Now, my question is: Is this a prudent action? I mean, could EN World be liable for the release of this news or indirect support of these pirated playtest copies?

I'm not supporting or acting against piracy -- I'm mainly concerned for EN World and wanted to ask the mods here (and Morrus) if the news blurb should continue to be posted about it.

Disclaimer: No offense is intended to either Morrus or EN World, I'm just a loyal supporter of this site.

(And I did wonder if I should send this via an email to Morrus, but I wanted the quickest avenue for him to be aware of it. If I'm wrong about the legal issues, then my apologies and just delete this post.)


----------



## Piratecat (May 13, 2002)

The person legally responsible is the jerk who allowed his playtest copy to slip out; this sort of leak is in extremely bad form from someone who has signed a NDA.  However, Morrus (and EN World) have no legal liability here; he is just repeating a rumor which may or may not be true.

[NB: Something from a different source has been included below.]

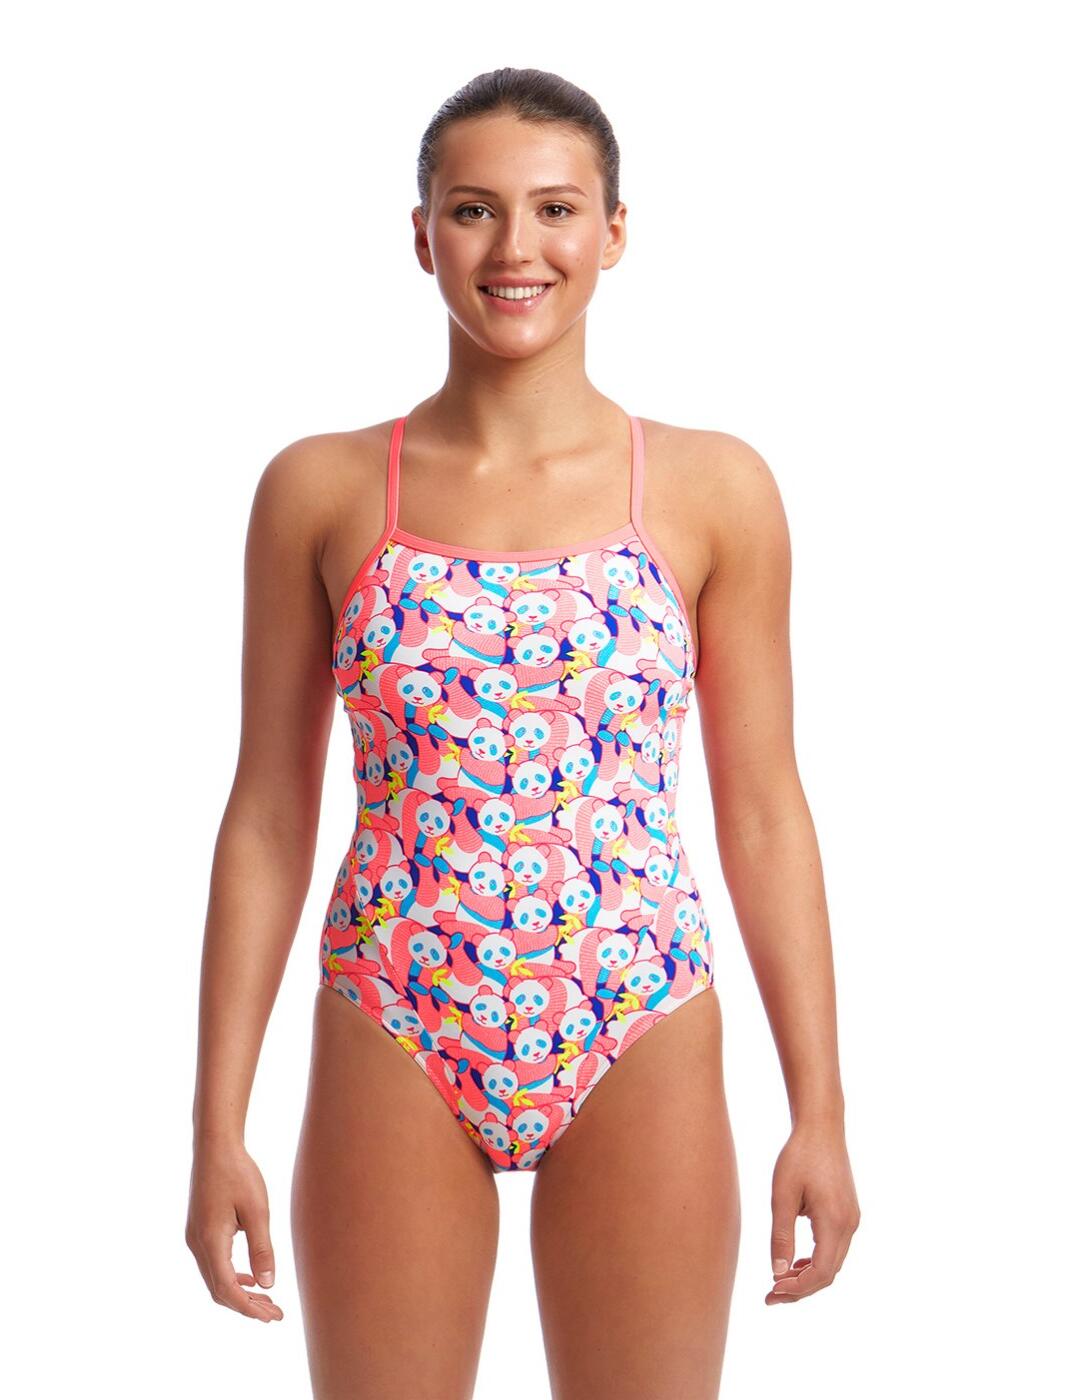 FKS030L Funkita Ladies Eco Single Strap One Piece Swimsuit - FKS030L02328 Pink Panda

In any event, it's good free advertising for the product!!


----------



## XCorvis (May 13, 2002)

I don't think it will be a problem - WotC isn't horrible with that kind of stuff, and there are plenty of movie rumor sites that operate on the same principle.


----------



## Khan the Warlord (May 13, 2002)

Well, that's great news.

Just go ahead and delete this thread then.


----------



## Morrus (May 14, 2002)

I hadn't heard of a pirate pdf at all.  As far as I'm concerned, this is just a random rumour - I don't even know if it's true.  If WotC does have a problem with it, then I'll remove it, but I don't see that it's an issue.  It certainly doesn't replicate any content form the book.


----------



## Darkness (May 14, 2002)

Khan the Warlord said:
			
		

> *Well, that's great news.
> 
> Just go ahead and delete this thread then.  *



We would, but deleting is currently only possible during low-traffic times...


----------



## Khan the Warlord (May 14, 2002)

Morrus said:
			
		

> *I hadn't heard of a pirate pdf at all.  As far as I'm concerned, this is just a random rumour - I don't even know if it's true. *




Yes, it is circulating rather quickly.


----------



## Leopold (May 14, 2002)

Khan the Warlord said:
			
		

> *
> 
> Yes, it is circulating rather quickly.
> 
> *




just to test your theory: It has not hit kazaa yet or DC so so far it's out of the masses hands.


----------



## Darkness (May 14, 2002)

Khan the Warlord said:
			
		

> *
> 
> Yes, it is circulating rather quickly.
> 
> *



Most interesting rumors tend to do that.


----------



## Khan the Warlord (May 14, 2002)

Leopold said:
			
		

> *
> 
> just to test your theory: It has not hit kazaa yet or DC so so far it's out of the masses hands. *




And if those were the only methods of getting it into the hands of thousands and thousands, then I would agree with you.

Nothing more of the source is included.